In the houses I've built for the "organic" clients I've built for, I've always aimed for 0.25 ACH mechanical.
But whatever you might believe about the adequacy or excess of 62.2, that - like all prescriptive codes - is a minimum standard.
Robert,
You noted in a previous post that you route exhaust fan ducts down at least 3' before venting out a sidewall. Do you do that or was it a typo and you drop them 3" ? I understand you'd want condensation to flow to the outside.
I saw in an article - I think one in the JLC archives on installing an HRV - where the author used PVC sewer and drain pipe for some venting runs. It seems like this would make for easier air tight pipes but it doesn't seem to be commonly done. Are there reasons most don't use it?
Donald,
No typo. With a 3 foot drop before exiting, absent a wind or a negative pressure from another source and a completely defective vent flap, cold air cannot rise back up the duct.

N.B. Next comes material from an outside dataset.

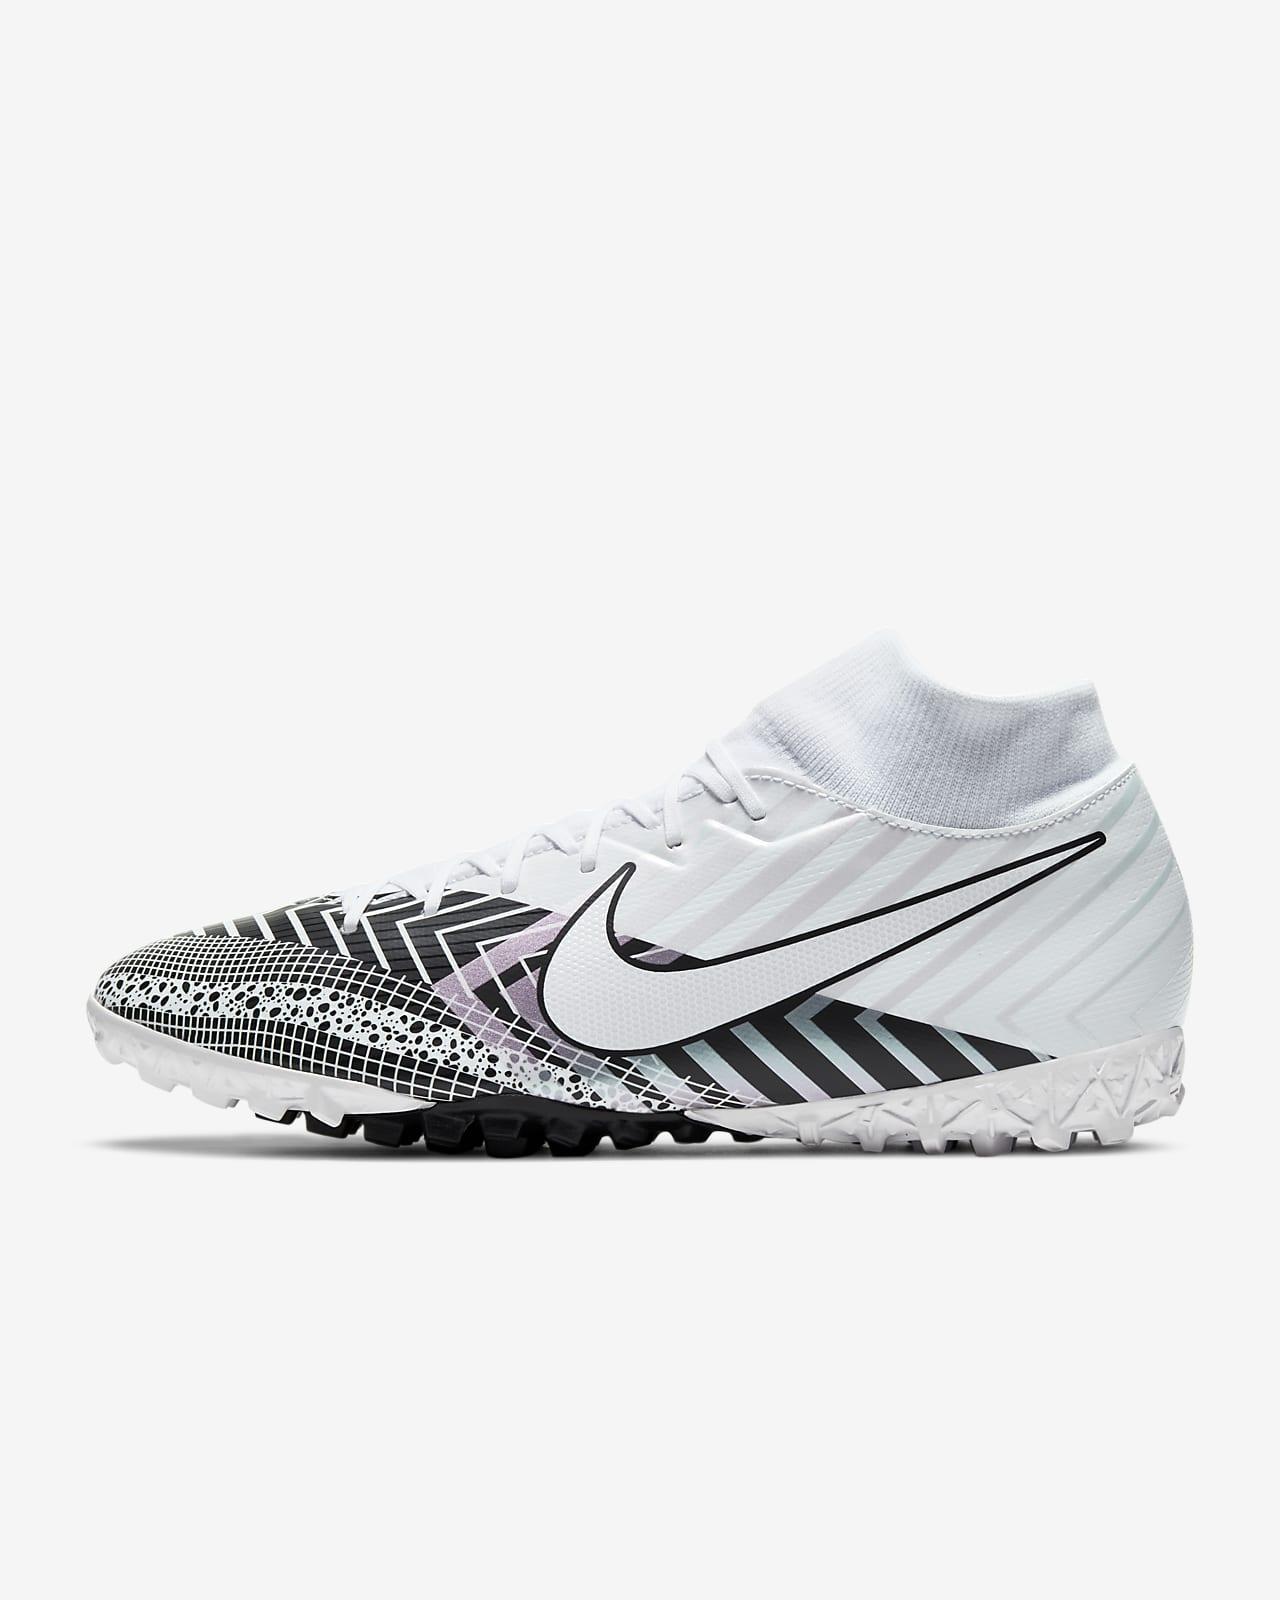 Chaussure de football pour surface synthétique Nike

I don't see any reason why not to use thin-wall plastic pipe, as long as the diameter is the same as the fan outlet, except that galvanized steel ducting is also easy to seal with REAL duct tape (foil mastic) and has thinner walls and can be squeezed into non-conforming spaces.
In MN I believe the ventilation requirement is 15 cfm per bedroom + 15, so a 3 bedroom house would require 60 cfm continuous. Or house with it's 3 ach50 or .176 nac and 28,288 cubic foot volume would have a ventilation rate of 83 cfm continuous or 23 cfm beyond code.

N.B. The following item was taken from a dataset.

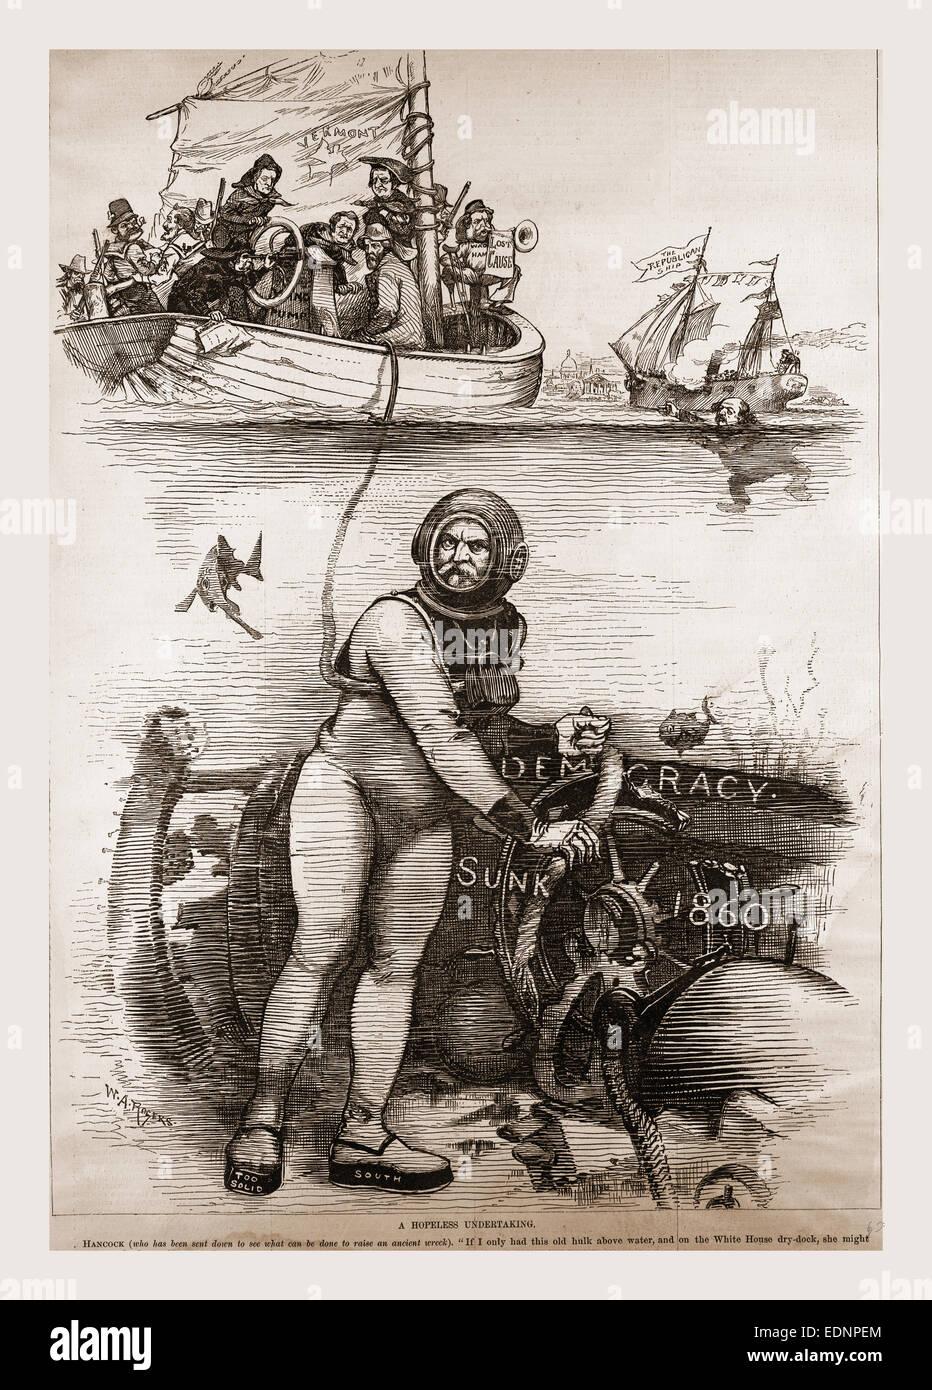 Democracy sunk 1860, 19th century engraving, USA, America - Stock Image

One must figure in the infiltration rate for a home and add only enough mechanical ventilation to meet the code, this is why control is critical. In a new house with an HRV we normally run 20 minutes on, 40 minutes off on low speed unless overridden by the humidistat or a remote timer in a bathroom. If the humidity level is above the setpoint the HRV will run 20 minutes per hour on high speed until the setpoint is reached.
Current ASHRAE standard is 1 cfm/100 sf plus 7.5 cfm/person, which includes a default credit of 2 cfm/100 ft² for infiltration (which is the equivalent of 0.15 ACHnat with 8' ceilings).